For this task, output exactly the lines of the material below starting at the line with "Heute haben wir" and ending at the line with "#myfantasyroom #fantasyroomdeko #spielecke"; pictures are to be excluded.

Records shown:
━━━━━━
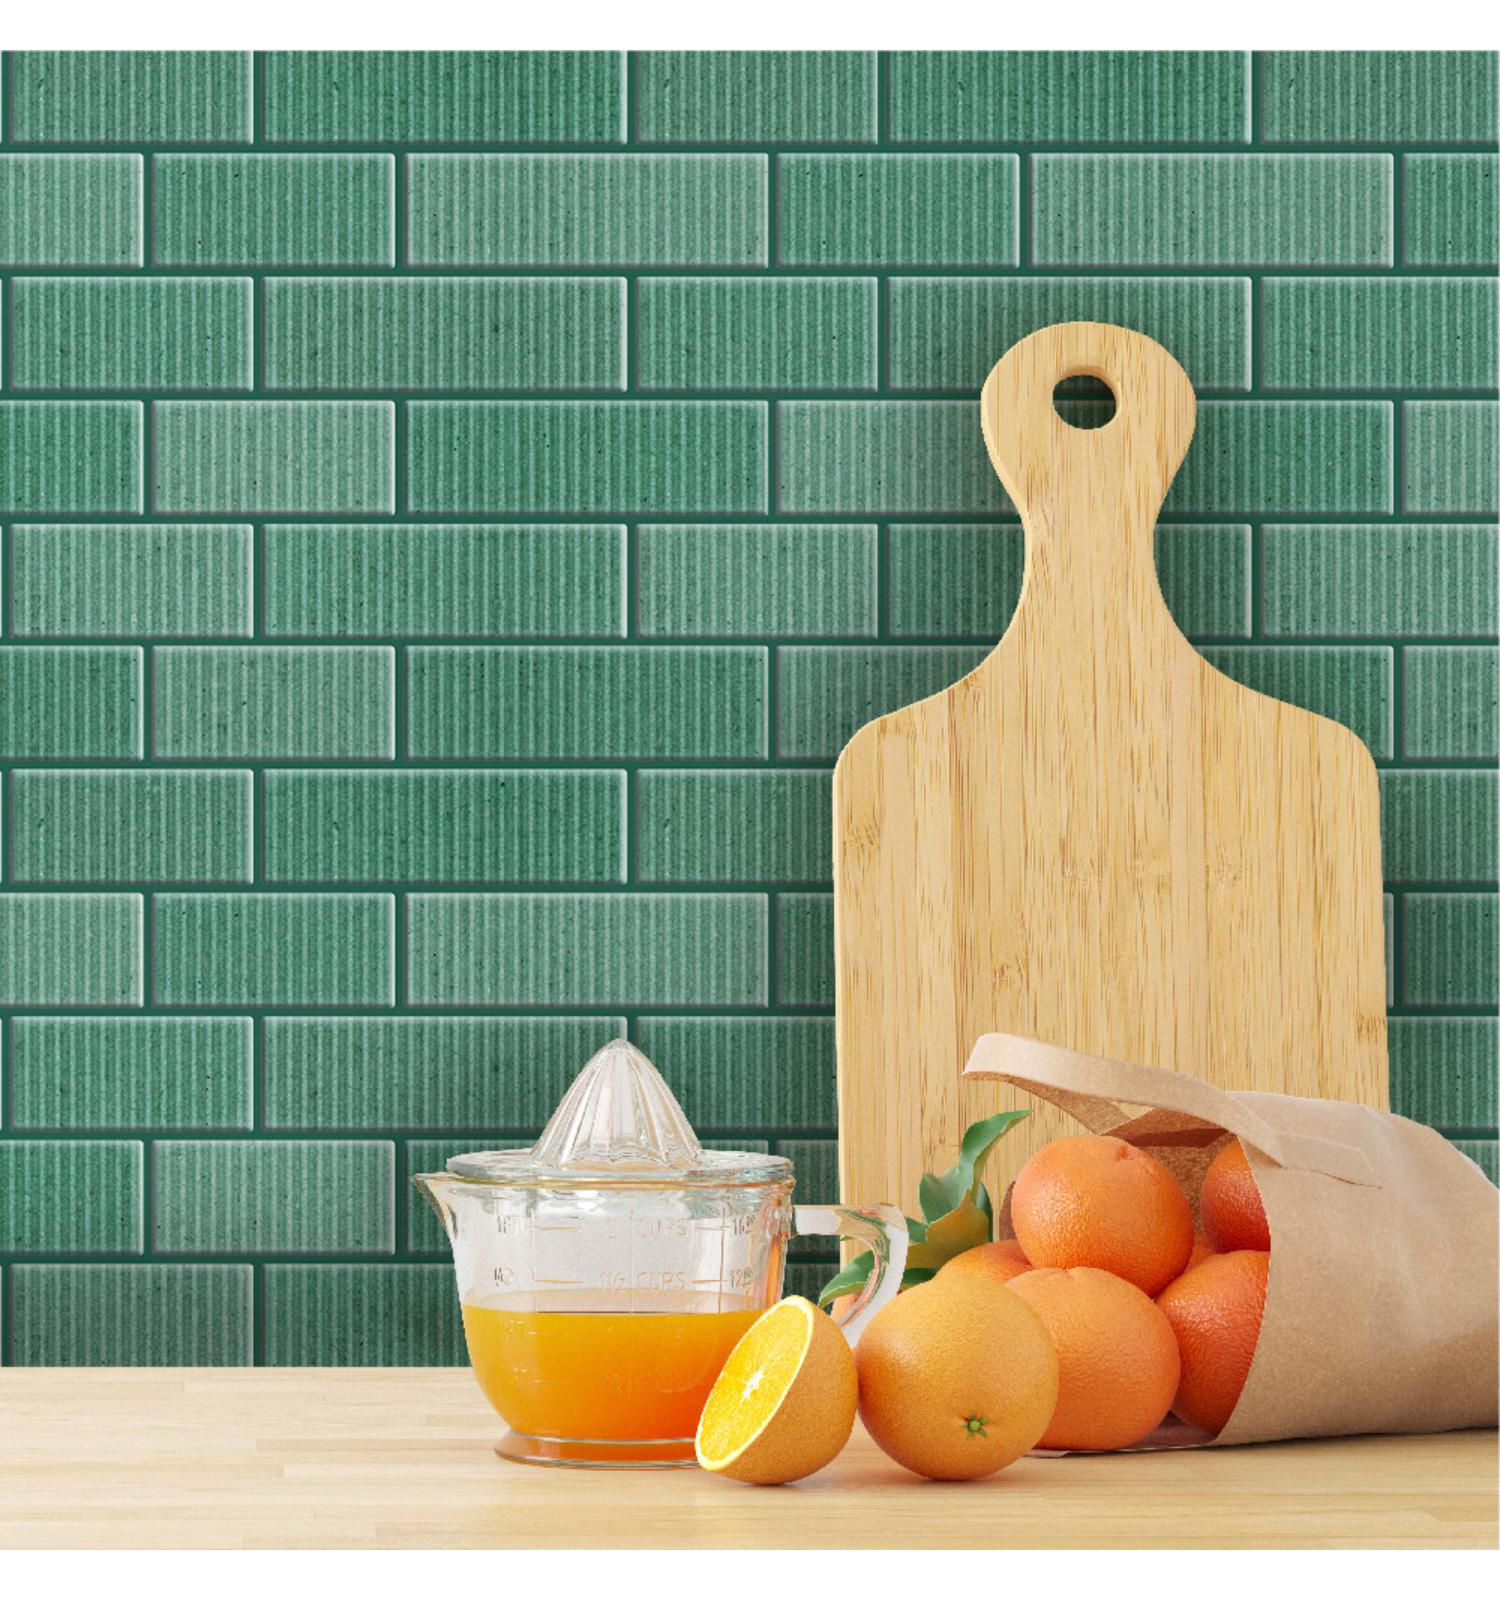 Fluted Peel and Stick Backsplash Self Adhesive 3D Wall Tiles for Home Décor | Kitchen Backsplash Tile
━━━━━━
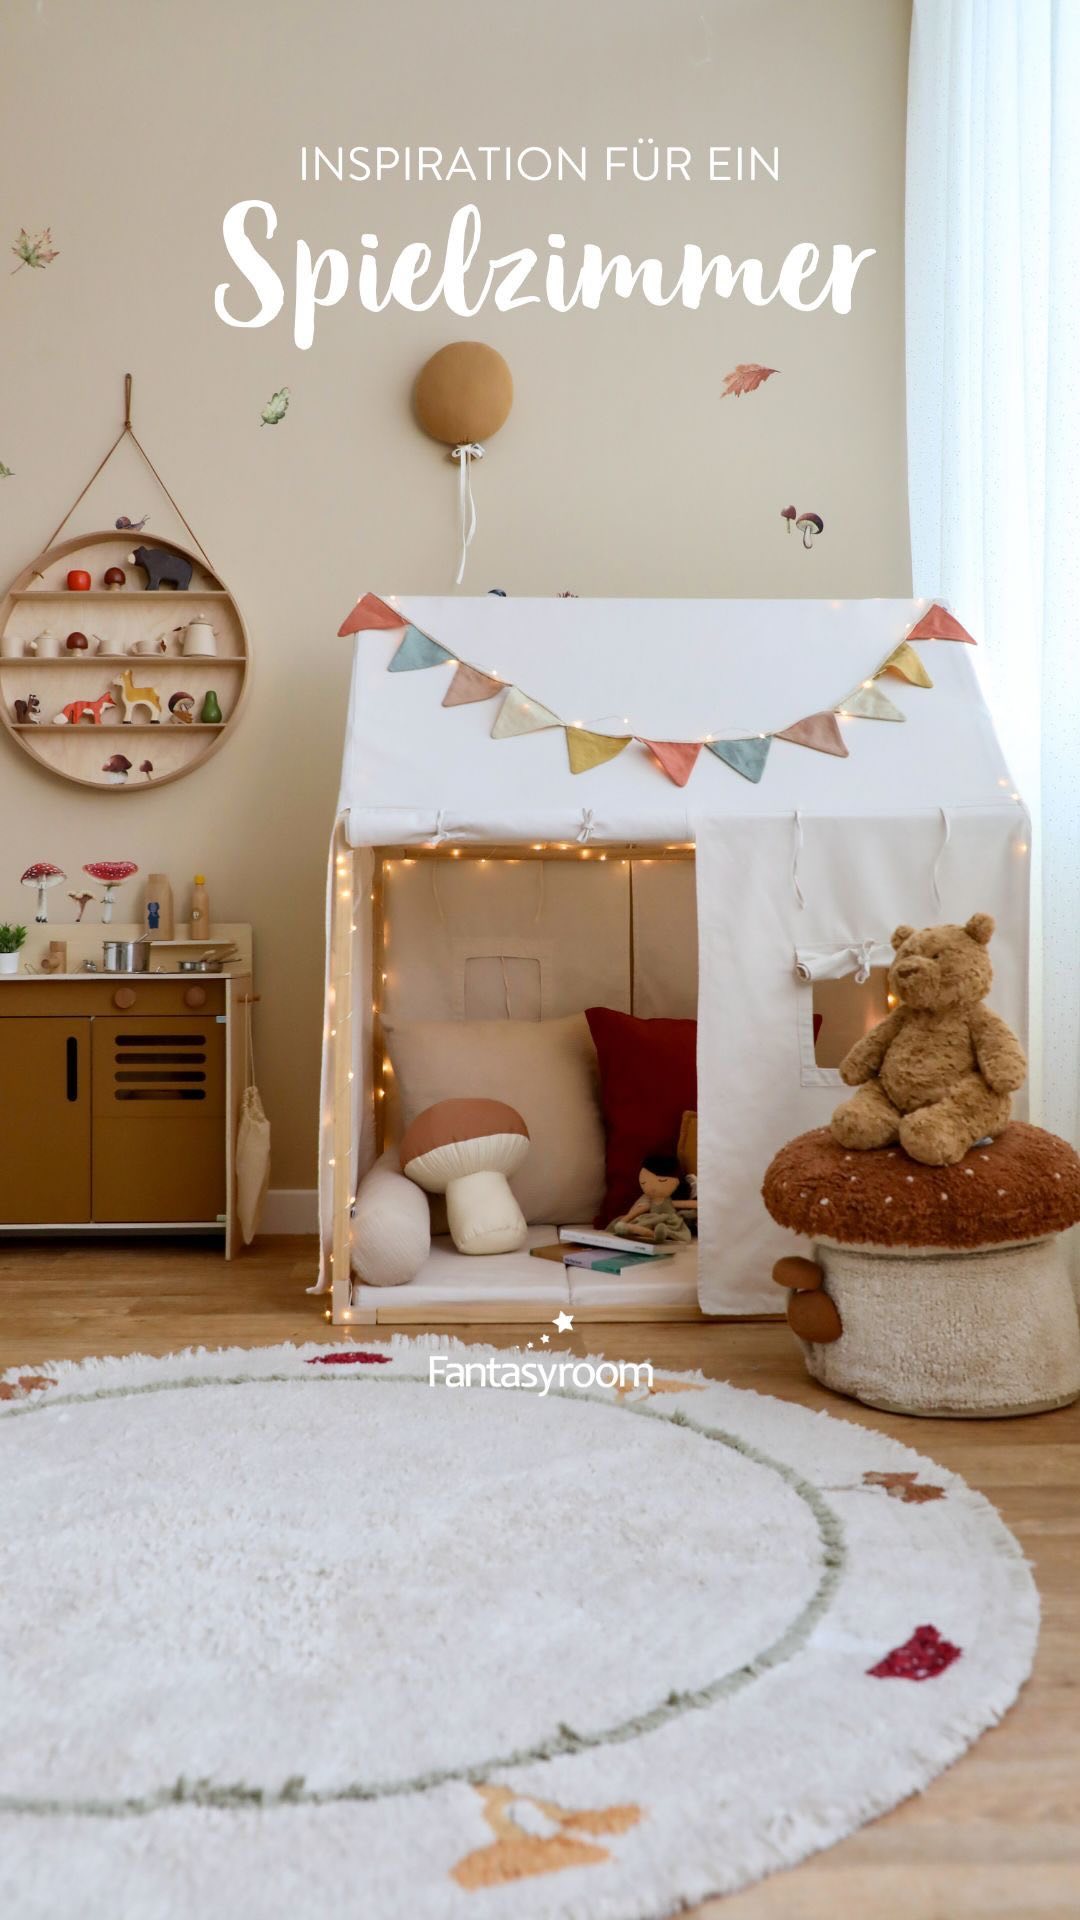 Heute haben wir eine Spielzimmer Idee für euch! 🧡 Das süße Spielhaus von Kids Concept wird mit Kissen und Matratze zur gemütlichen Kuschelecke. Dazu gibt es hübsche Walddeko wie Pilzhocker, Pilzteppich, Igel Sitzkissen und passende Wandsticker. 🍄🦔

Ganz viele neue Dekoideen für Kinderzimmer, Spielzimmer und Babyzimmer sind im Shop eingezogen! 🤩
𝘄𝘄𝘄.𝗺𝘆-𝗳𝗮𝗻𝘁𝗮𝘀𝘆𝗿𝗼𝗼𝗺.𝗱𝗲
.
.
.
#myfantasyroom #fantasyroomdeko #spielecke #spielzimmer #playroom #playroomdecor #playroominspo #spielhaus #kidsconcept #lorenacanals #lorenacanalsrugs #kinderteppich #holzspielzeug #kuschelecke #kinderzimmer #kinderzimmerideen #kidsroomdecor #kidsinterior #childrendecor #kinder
━━━━━━
Written solution:
 Heute haben wir eine Spielzimmer Idee für euch! 🧡 Das süße Spielhaus von Kids Concept wird mit Kissen und Matratze zur gemütlichen Kuschelecke. Dazu gibt es hübsche Walddeko wie Pilzhocker, Pilzteppich, Igel Sitzkissen und passende Wandsticker. 🍄🦔

Ganz viele neue Dekoideen für Kinderzimmer, Spielzimmer und Babyzimmer sind im Shop eingezogen! 🤩
𝘄𝘄𝘄.𝗺𝘆-𝗳𝗮𝗻𝘁𝗮𝘀𝘆𝗿𝗼𝗼𝗺.𝗱𝗲
.
.
.
#myfantasyroom #fantasyroomdeko #spielecke #spielzimmer #playroom #playroomdecor #playroominspo #spielhaus #kidsconcept #lorenacanals #lorenacanalsrugs #kinderteppich #holzspielzeug #kuschelecke #kinderzimmer #kinderzimmerideen #kidsroomdecor #kidsinterior #childrendecor #kinder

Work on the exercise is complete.